### SUPPLIED RECORDS ###

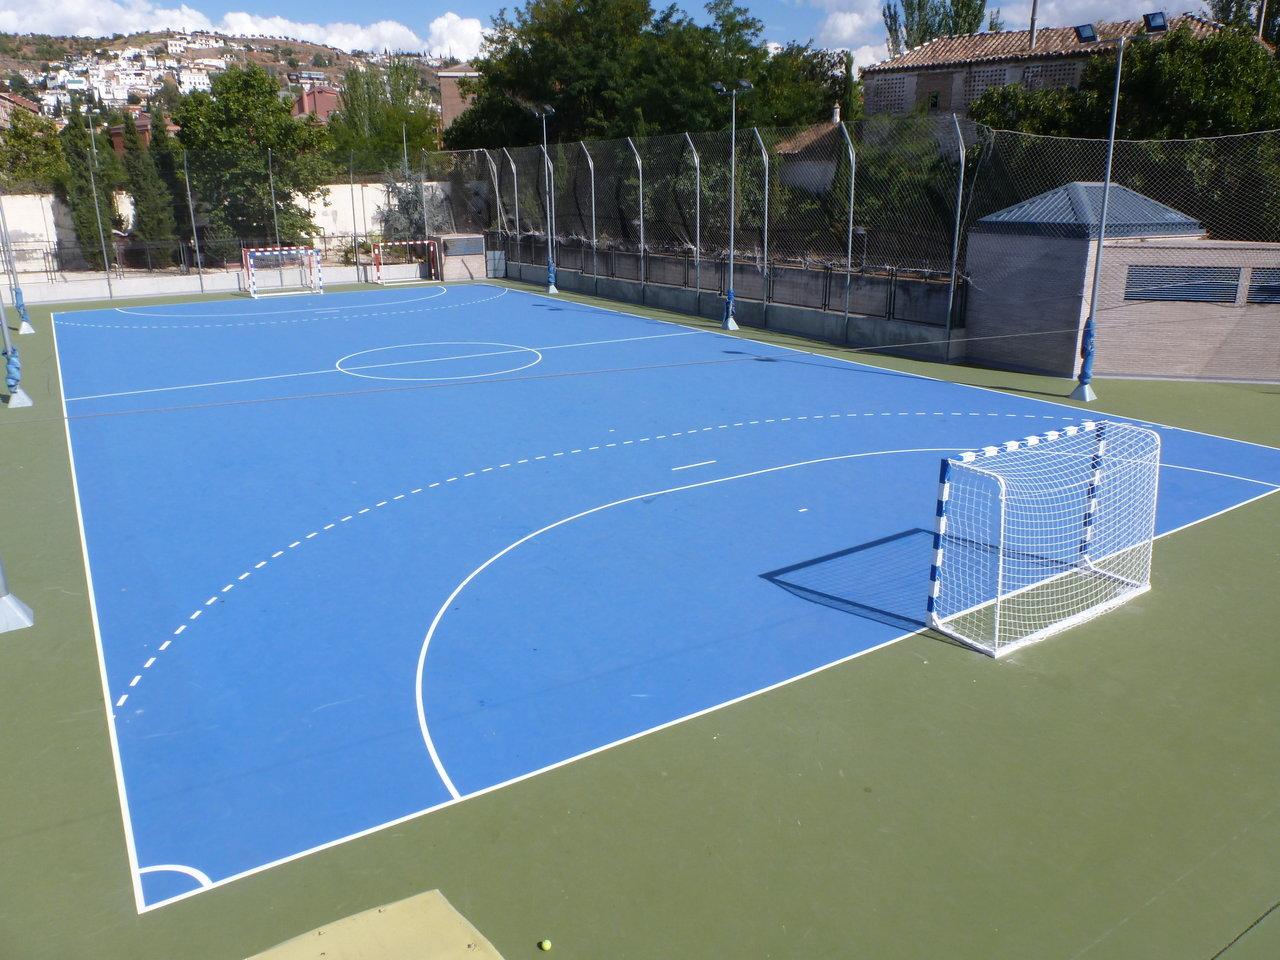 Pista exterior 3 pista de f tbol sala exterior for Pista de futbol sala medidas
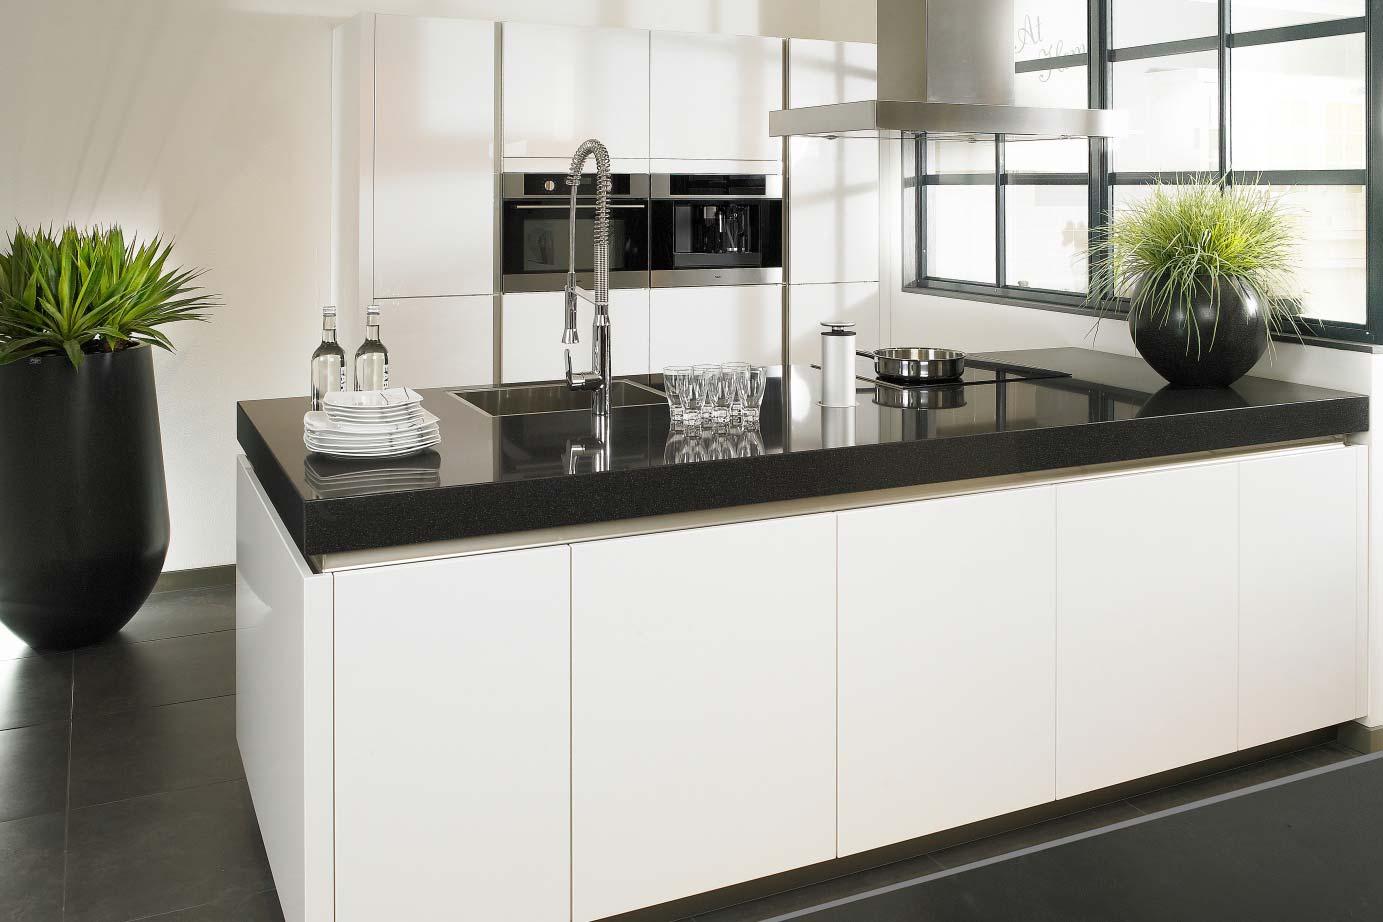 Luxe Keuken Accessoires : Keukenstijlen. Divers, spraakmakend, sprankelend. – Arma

###
### SUPPLIED RECORDS ###

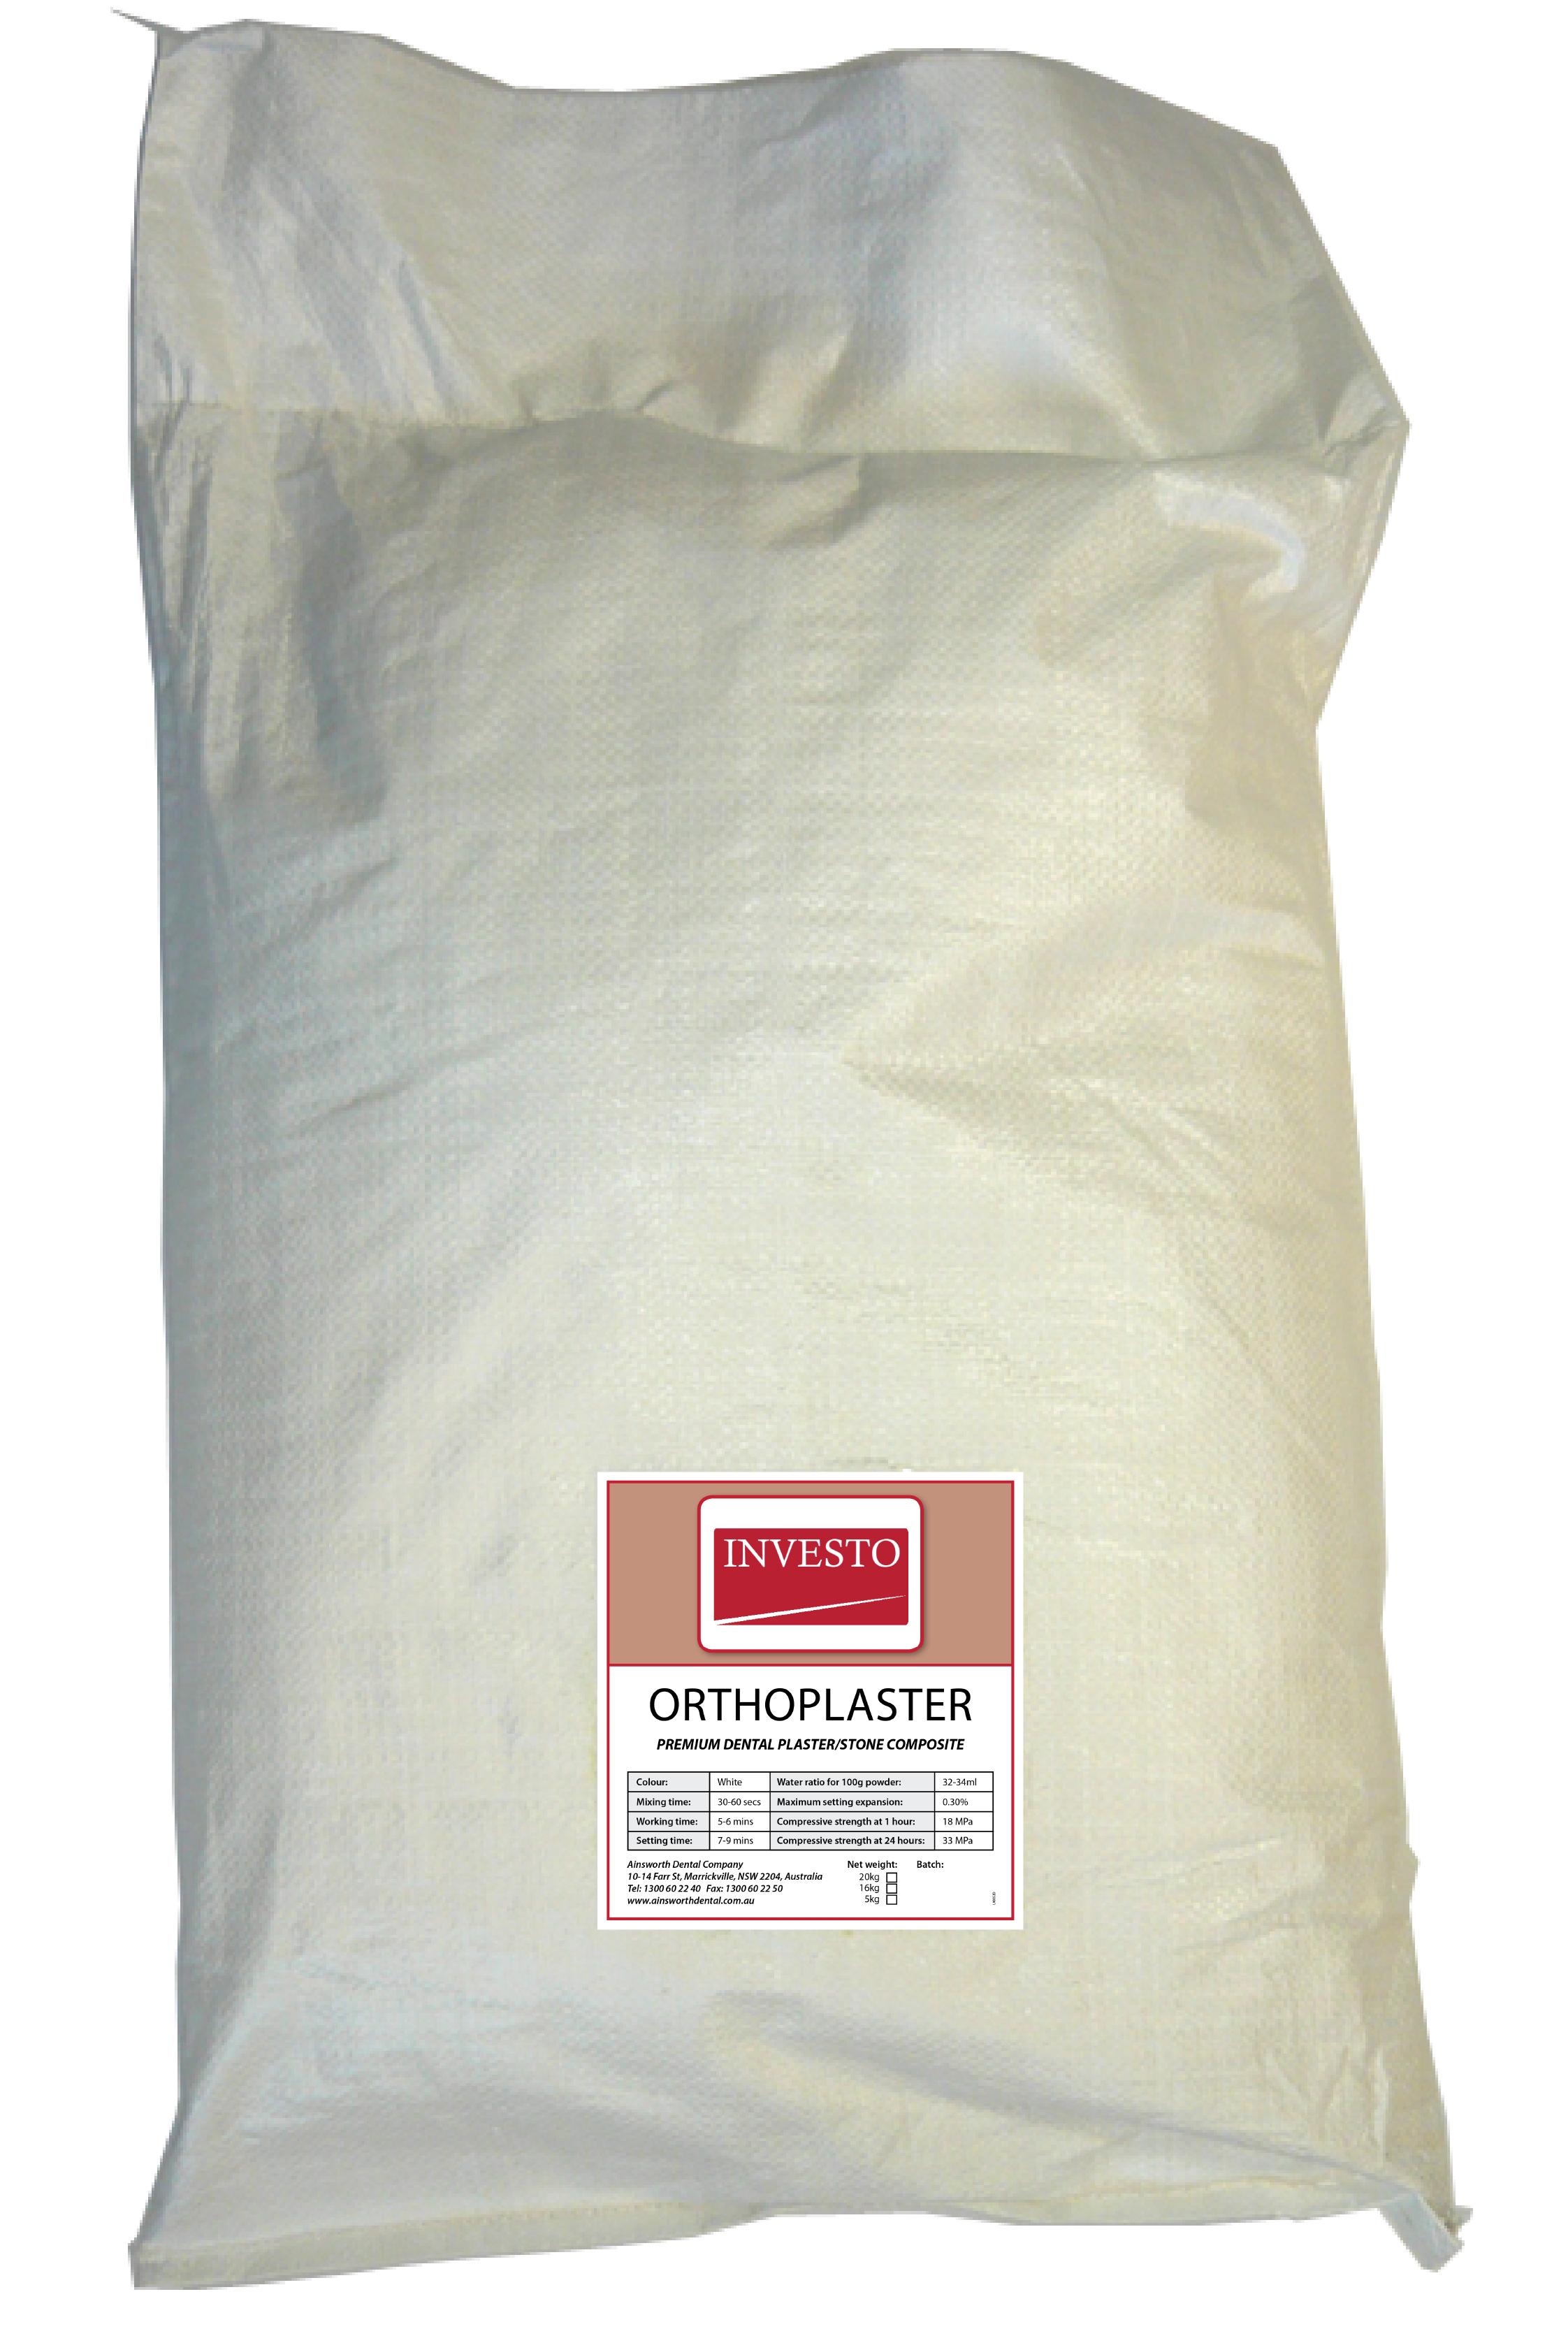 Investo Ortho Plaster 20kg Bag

###
### SUPPLIED RECORDS ###

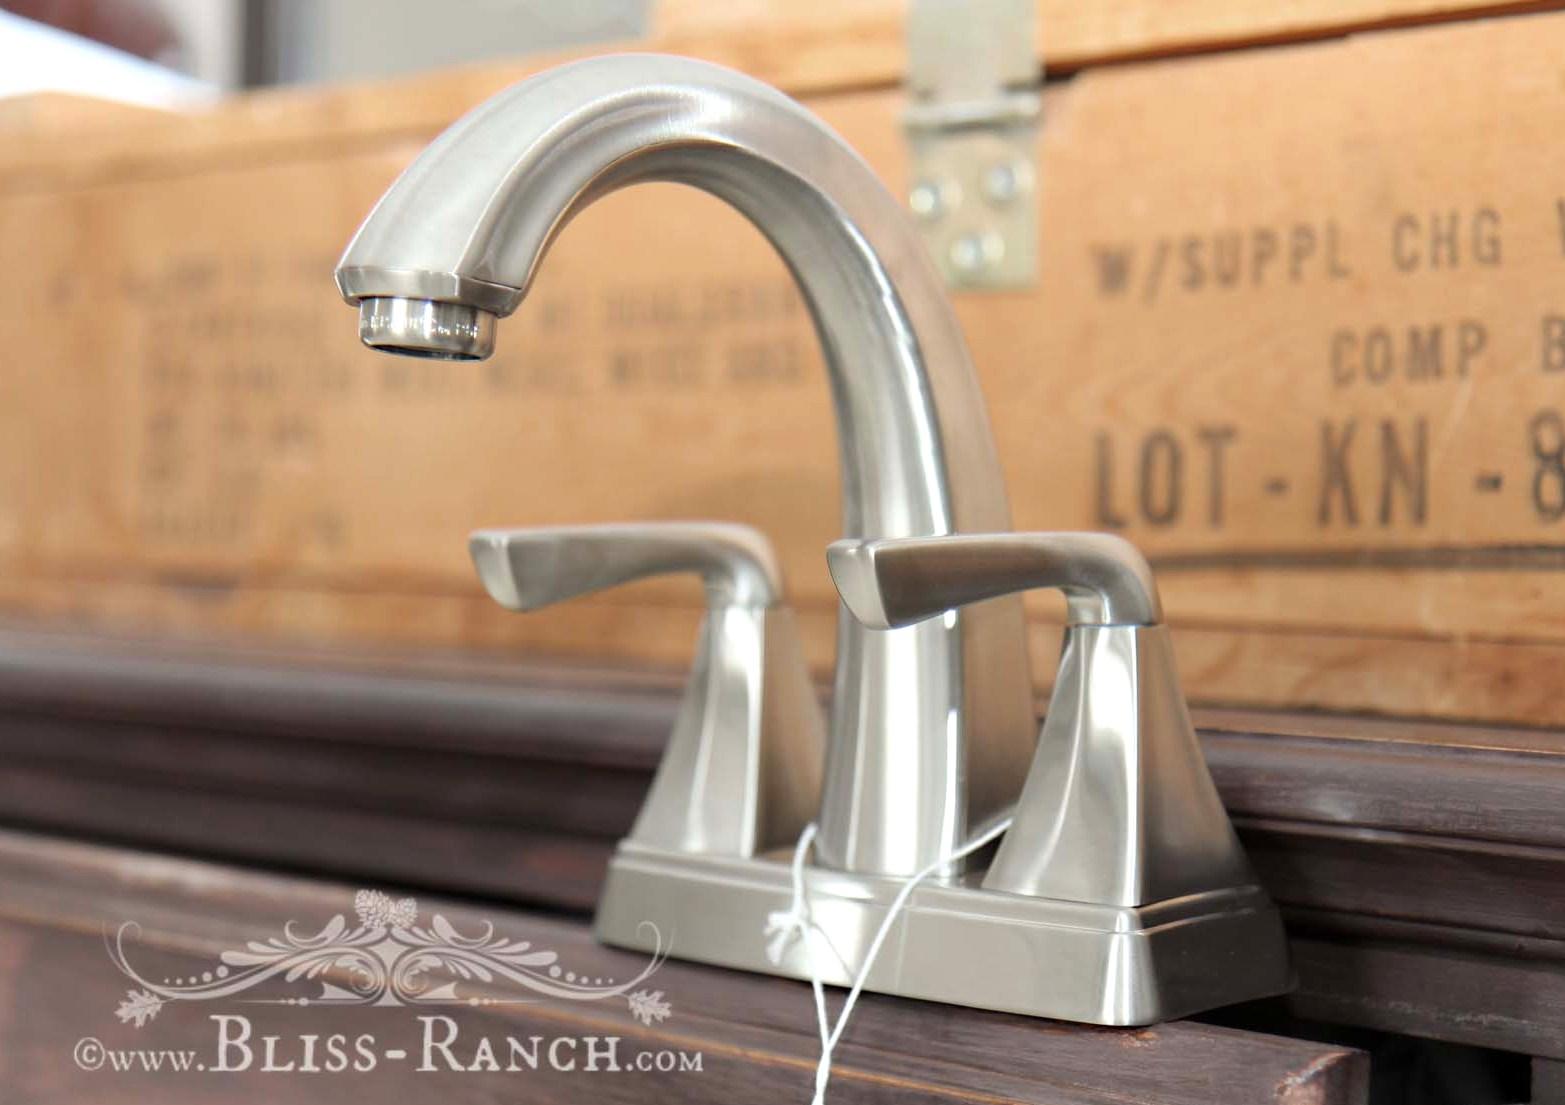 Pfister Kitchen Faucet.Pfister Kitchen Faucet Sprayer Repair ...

###

• YOUR GOAL:
Beginning at the line above that contains "Pista exterior 3", repeat each line exactly through the one that contains "Luxe Keuken Accessoires", and leave out the pictures.

• ANSWER SECTION:
 Pista exterior 3 pista de f tbol sala exterior for Pista de futbol sala medidas
 Luxe Keuken Accessoires : Keukenstijlen. Divers, spraakmakend, sprankelend. – Arma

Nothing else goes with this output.